Le travail de synthèse du GIEC est une mine d'or, à la fois pour comprendre la situation actuelle mais aussi pour trouver des solutions permettant d'endiguer le réchauffement climatique. Quelles solutions pour améliorer le bien-être de tous ? Comment imaginer la transformation de nos grands systèmes énergétiques, urbains, de gestion des terres, d’alimentation, d’infrastructures, etc. ? Toutes ces questions, Valérie Masson-Delmotte se les pose et "c’est passionnant parce qu’il faut mobiliser des formes de connaissances très différentes : acteurs de terrain, monde des entreprises, collectivités mais aussi tous les savoirs académiques dans toutes les disciplines". En filigrane de ces réflexions, il y a cette "dualité des sciences du climat" propre à cet objet d'étude : "Arriver à comprendre comment fonctionne le climat, c’est passionnant en tant que tel.
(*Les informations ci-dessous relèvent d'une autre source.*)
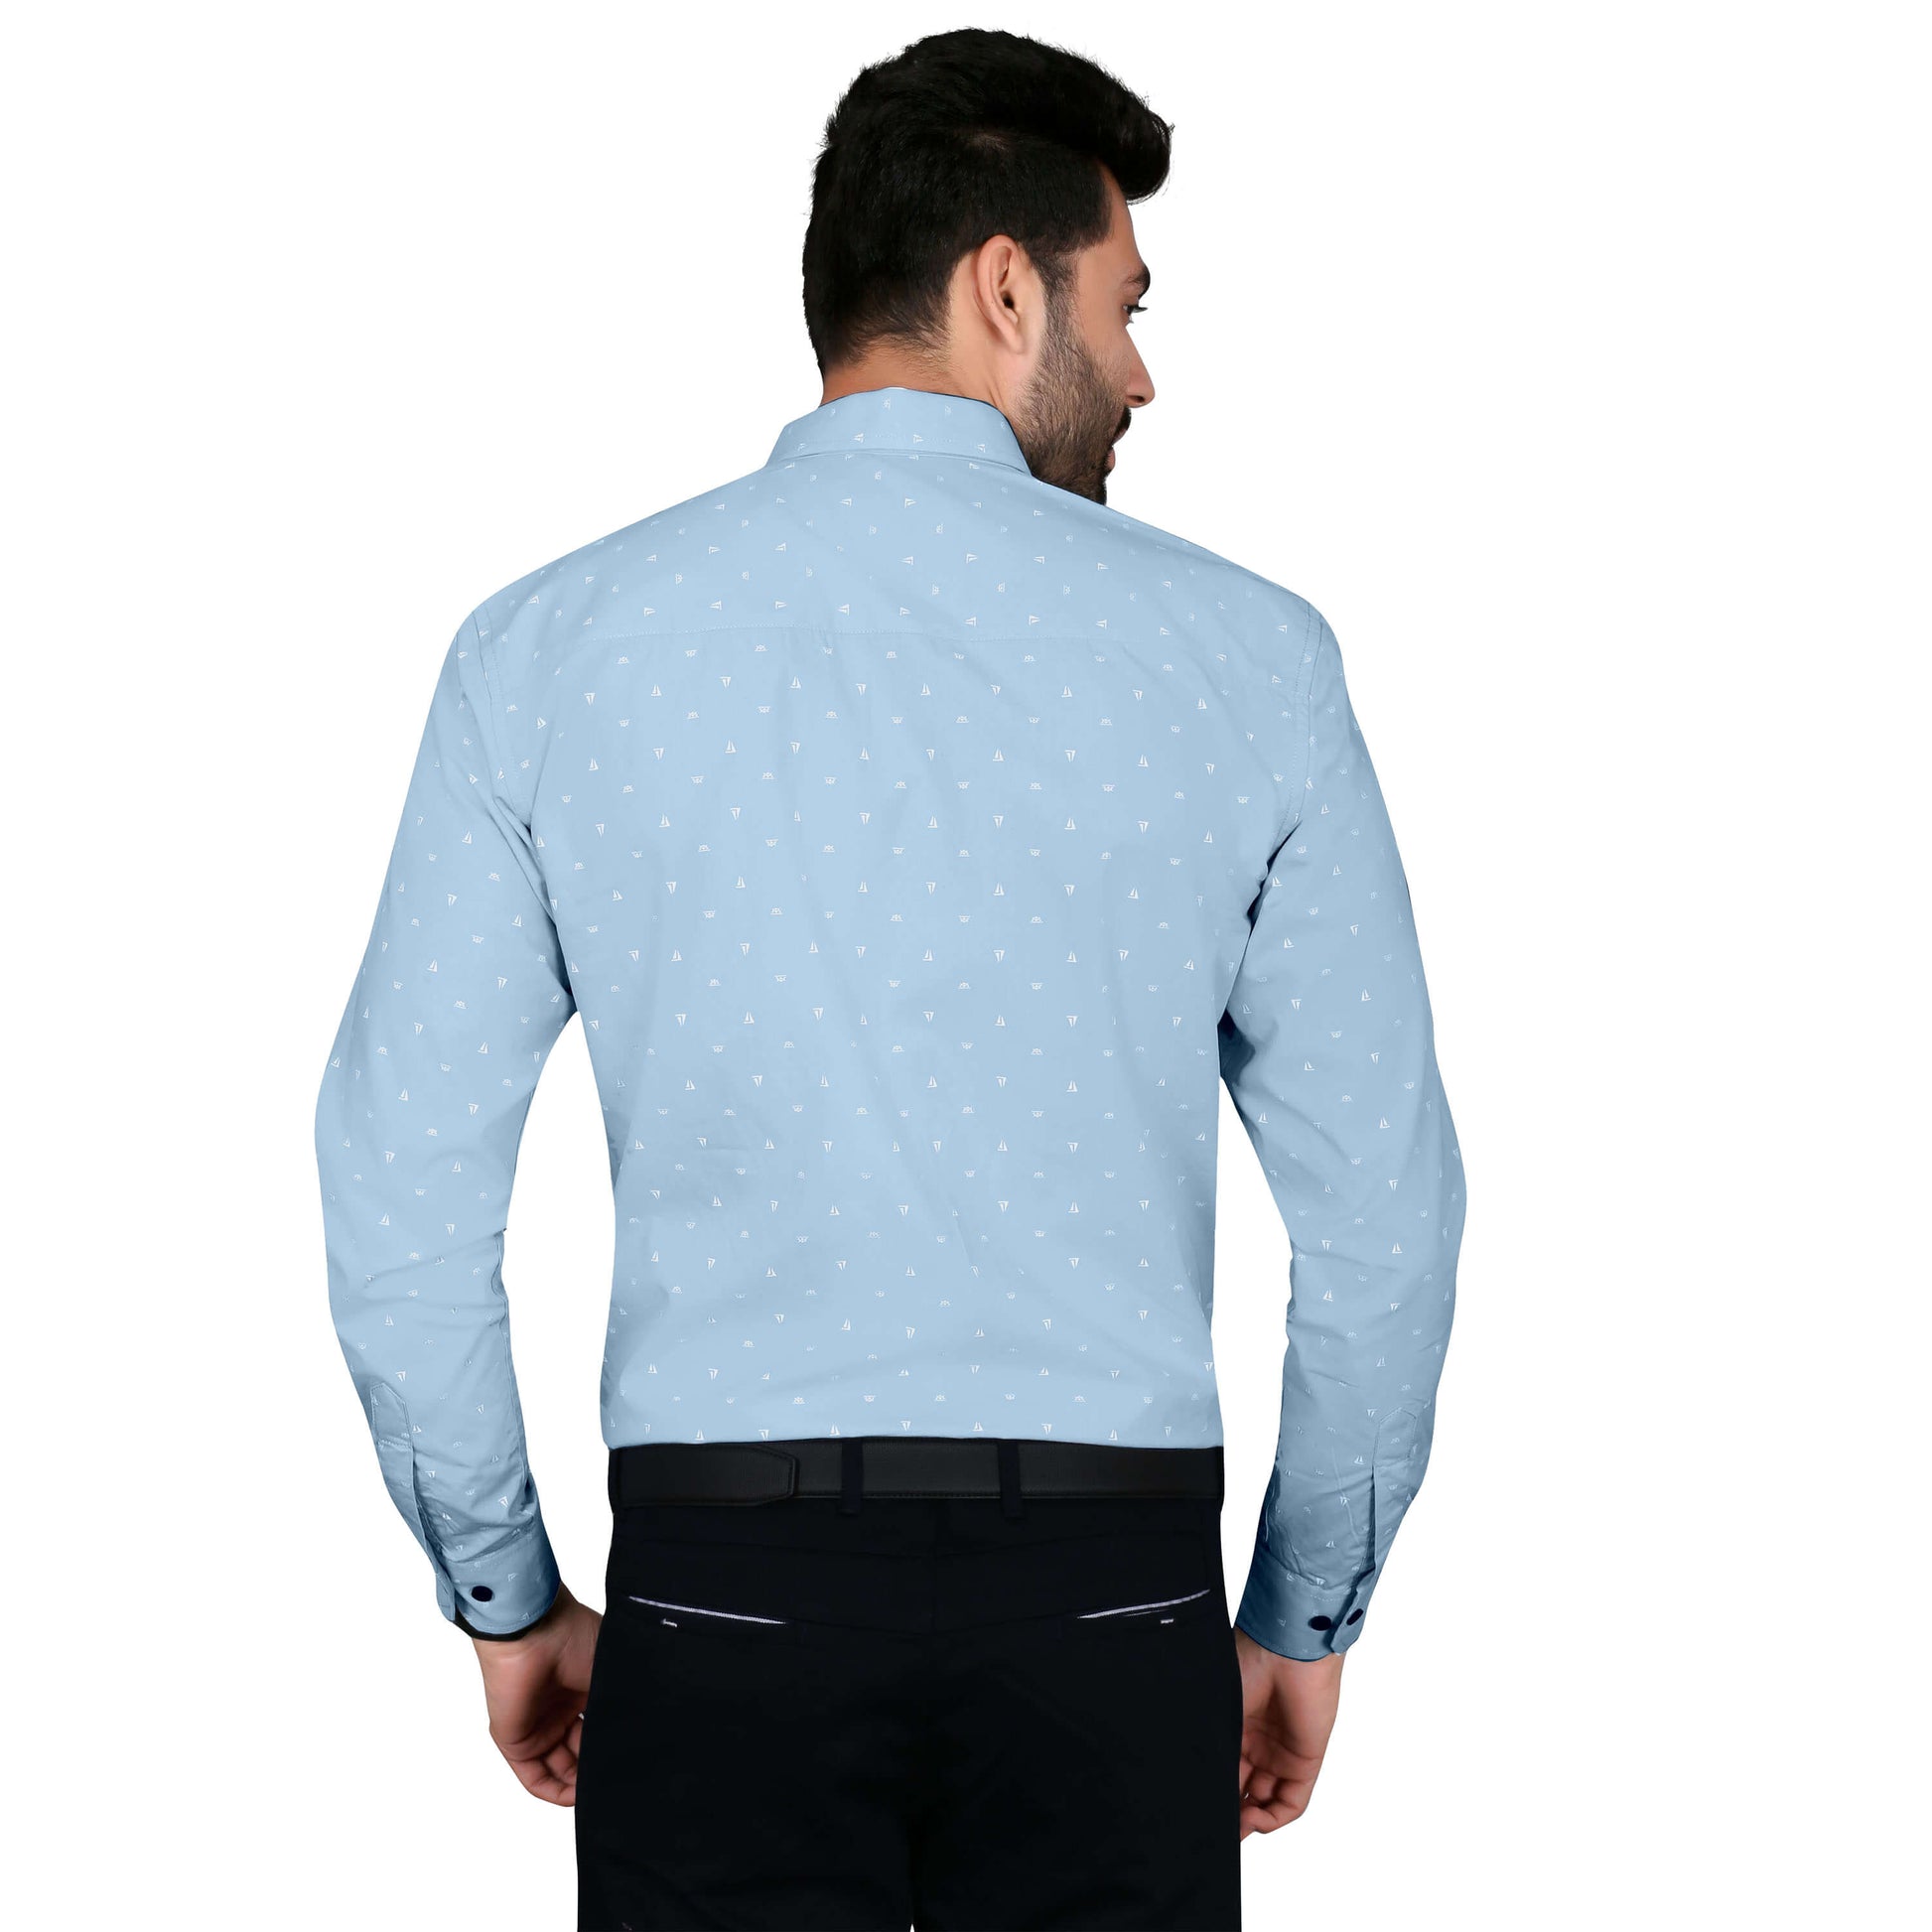 5thanfold Men's Formal Pure Cotton Full Sleeve Printed Sky Blue Slim Fit Shirt

Mais cela heurte aussi de plein fouet beaucoup de questionnements sur le devenir de nos sociétés, des écosystèmes et de la biodiversité. Il y a donc cette dualité dans les sciences du climat aujourd’hui : une partie de recherches fondamentales pilotées par la curiosité pure et puis il y a tout l’enjeu de fournir des outils d’aide à la prise de décision dans nos sociétés, des outils rigoureux et solides pour ne pas se planter !"
Se planter, échouer, ne pas être à la hauteur des enjeux, tout ceci ne semble pas troubler le calme de la climatologue : "Oui, je sens cette responsabilité, mais elle pèse sur nos épaules, collectivement."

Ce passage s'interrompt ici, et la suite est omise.